Texas Abortion Law to Remain in Effect, Federal Appeals Court Rules

POLITICS & POLICY
Texas State Capitol in Austin. (CrackerClips/Getty Images)

The U.S. Court of Appeals for the Fifth Circuit said Thursday it will allow Texas’s heartbeat abortion law, which allows private citizens to sue providers who perform abortions after a fetal heartbeat can be detected, to remain in effect while it considers an appeal of a judge’s order blocking the new law.

The court issued a 2–1 order siding with the state of Texas, refusing the Justice Department’s request to reinstate an earlier court ruling that had blocked enforcement of the law. The order was backed by Judges James C. Ho, who was nominated by Donald Trump, and Catharina Haynes, who was nominated by George W. Bush. Judge Carl E. Stewart, a nominee of Bill Clinton, dissented.

Thursday’s decision comes after the same panel last week issued a temporary decision to reinstate the law after a federal judge in Austin temporarily halted the ban.

U.S. District Judge Robert Pitman had granted the Biden administration’s request to temporarily block enforcement of the abortion ban and denied the state’s request to pause his ruling pending appeal, saying “this Court will not sanction one more day of this offensive deprivation of such an important right.”

“A person’s right under the Constitution to choose to obtain an abortion prior to fetal viability is well established,” Pitman wrote in a 113-page ruling. “Fully aware that depriving its citizens of this right by direct state action would be flagrantly unconstitutional, the State contrived an unprecedented and transparent statutory scheme to do just that.”

However, less than 48 hours after Pitman issued his ruling, the Fifth Circuit Court put the order on hold and reinstated the law pending further review.

The ruling comes after the Justice Department sued Texas on September 9 and sought a temporary injunction against the law.
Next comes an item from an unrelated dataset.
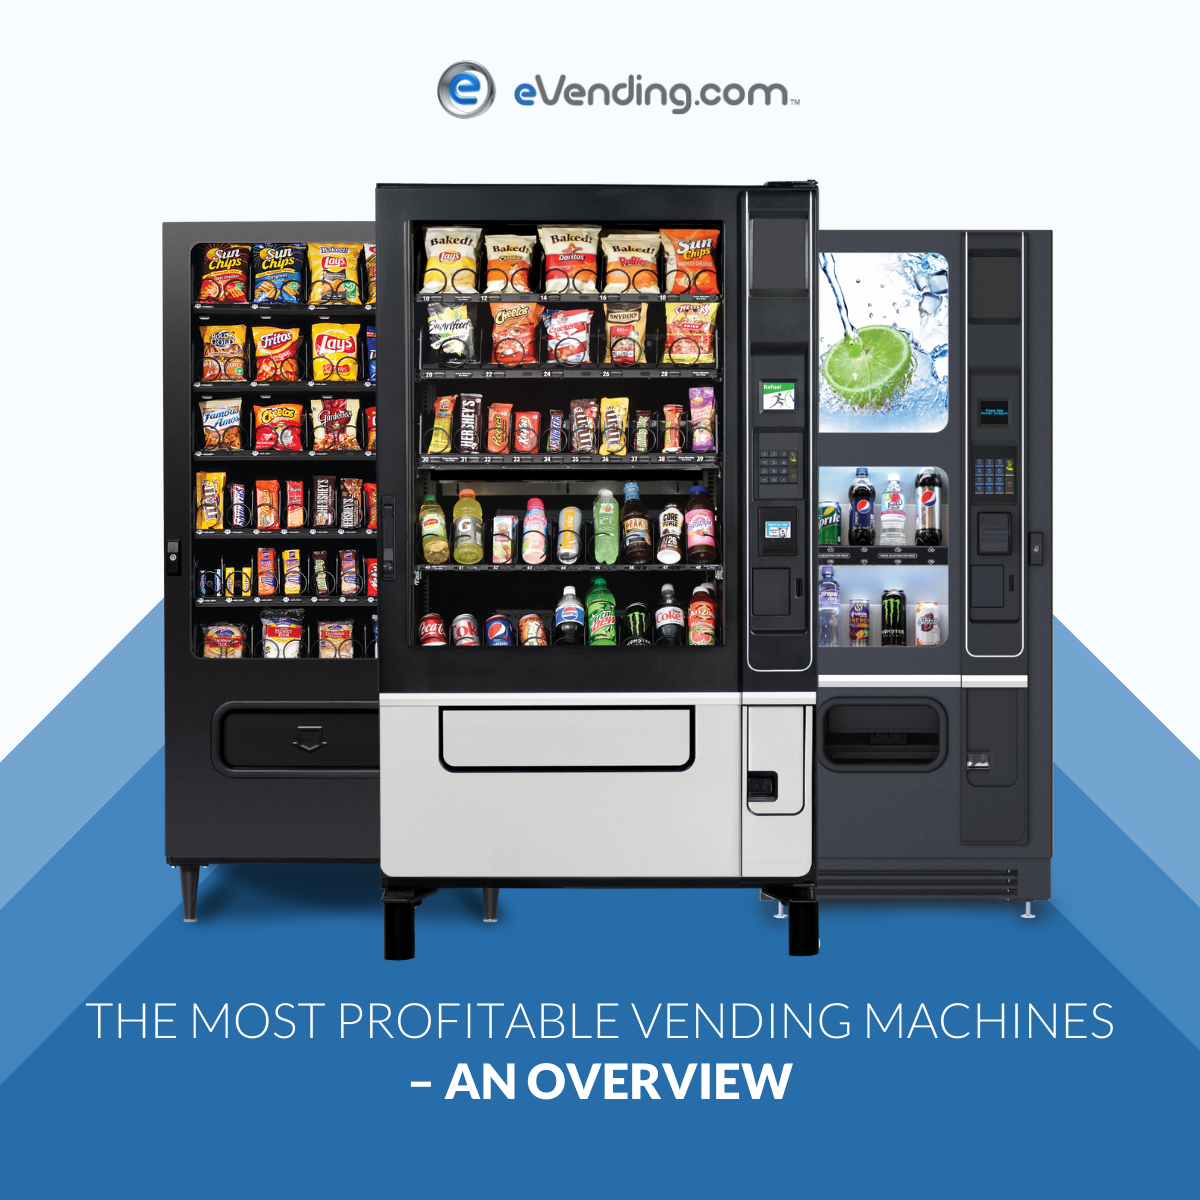 THE MOST PROFITABLE VENDING MACHINES – AN OVERVIEW

The DOJ argued during a hearing earlier this month that the law violates the U.S. Constitution.

Justice Department attorney Brian Netter called the law an “unprecedented scheme of vigilante justice.”

The legal debate over the law focuses on a provision that allows any individual to sue anyone who knowingly performs or aids in an abortion after a fetal heartbeat has been detected, removing the responsibility of enforcement from the state’s executive branch and placing it into the hands of citizens. Plaintiffs can earn up to $10,000 in damages through litigation.

The Supreme Court declined to block the law last month in a 5–4 decision. However, it did not rule on whether the law or its enforcement mechanism is constitutional.